# My first emersed setup - when to expect flowers



## BobAlston (Jan 23, 2004)

I just finished setting up my first emersed setup and planted 4 crypts. I followed the instructions found here

http://kryptokoryne.aquaticscape.com/2009/10/23/how-to-grow-cryptocoryne-emersed/

except I used 2/3 garden soil and 1/3 peat moss.

These are fairly young plants taken from my 55 gallon tank. most have 3-4 leaves.

What size are crypts typically when they begin to flower?

In an emersed situation (where I suspect the light is brighter than any aquarium) how fast do emersed crypts grow?

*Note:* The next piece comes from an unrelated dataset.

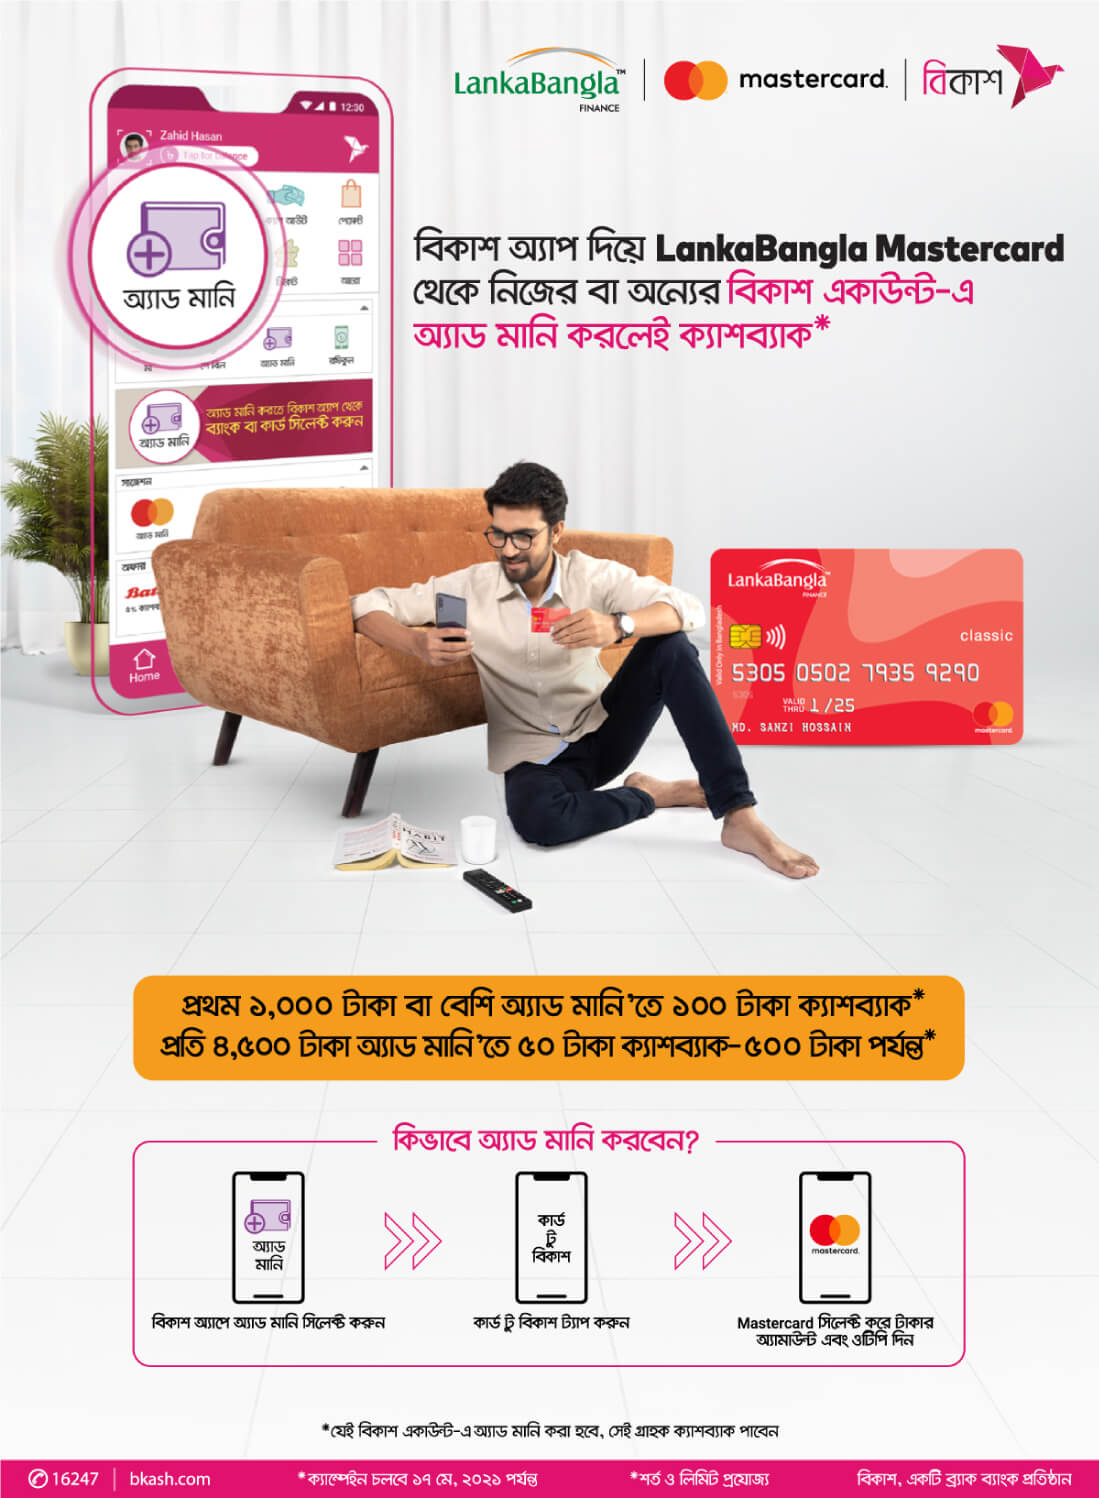 Instant Cashback Offers on Add Money Service from LankaBangla Mastercard to bKash
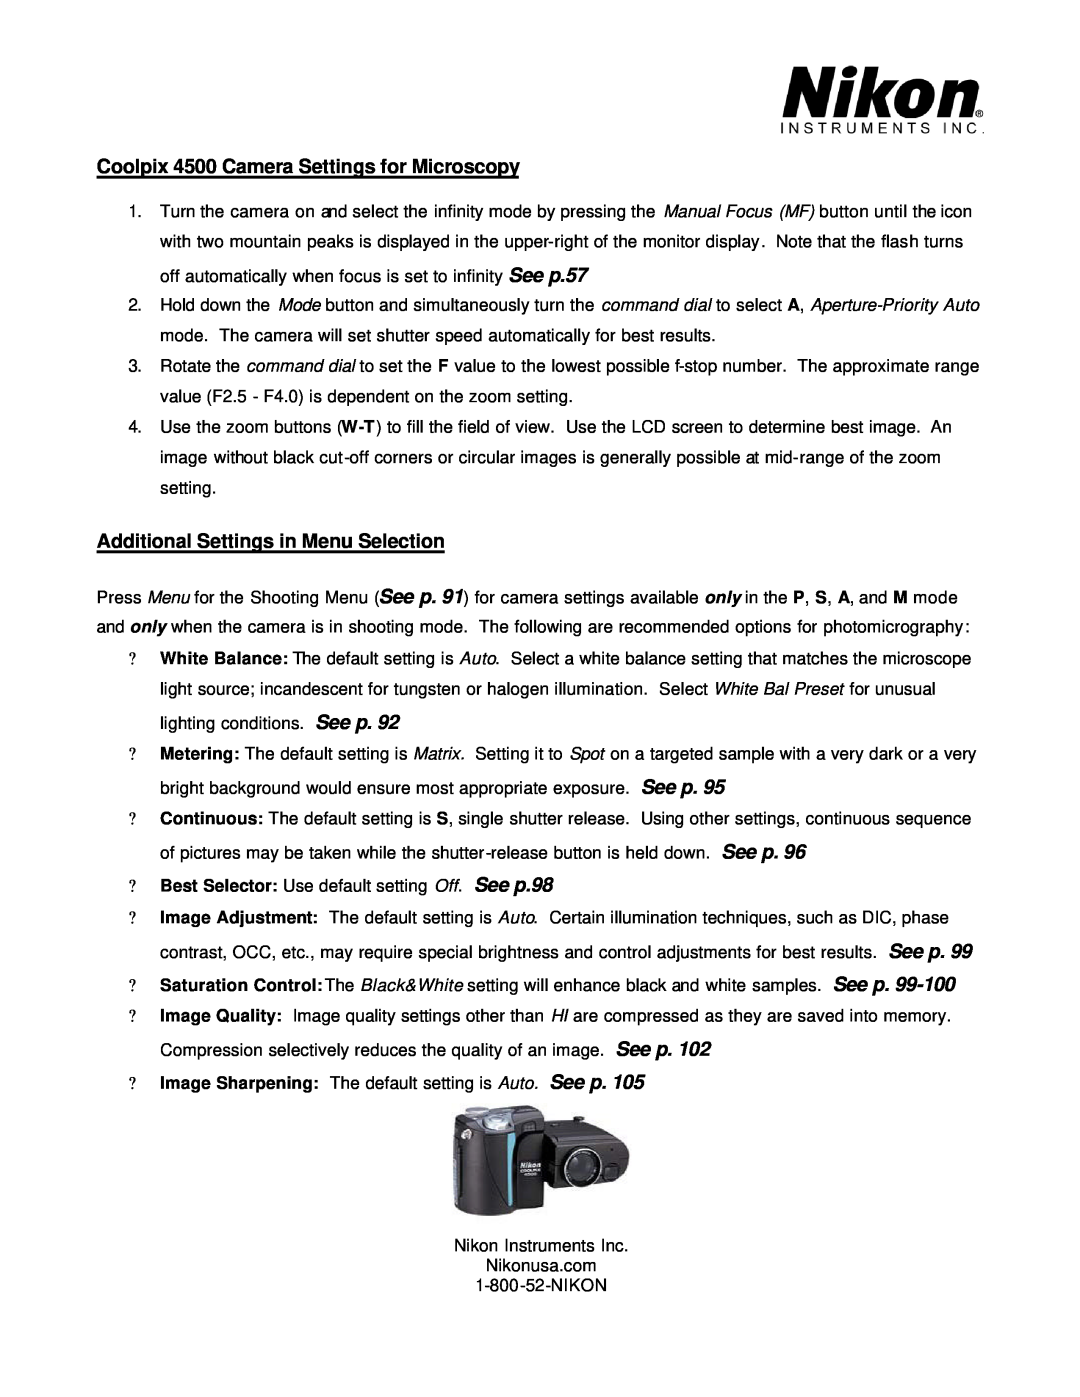 Nikon user manual Coolpix 4500 Camera Settings for Microscopy, Additional Settings in Menu Selection

I put an aquarium heater in the water; nice condensation on the lid. It drips outside so despite the waterproof mat on which it sits, I am going to look for a waterproof tray large enough.

Bob


----------



## legomaniac89 (Mar 19, 2008)

It depends on the species. _C. wendtii_ and _C. pontederiifolia_ are extremely easy to grow and flower emersed and tend to become almost a weed. It may only take them a few months to go from small plant to flowering size. Other species may take several years to flower, just because conditions aren't just right for them.

In general, emersed plants grow faster than submersed plants. I once had a wild form of _C. wendtii_ go from one plant to completely filling a 3.5" pot in 6 months time, but submersed it grew rather slowly, only making 2 runners in a year.


----------



## BobAlston (Jan 23, 2004)

It has been 2 months since I started. Two pots each of two different crypts not wendtii and fairly small. They seem to have replaced the surmersed leaves which they "propped up" until the new leaves. One set of plants has 6 new leaves and the other just two.

It is right on my desk so I get to easily check out progress.

Bob


----------



## NeonFlux (May 15, 2008)

Nice, I have also started my very own emersed tank sized at 2.5 gallons. Crypts I heard indeed grows like a weed when given time.. I'm trying the parva species, I might give a update when it's doing well


----------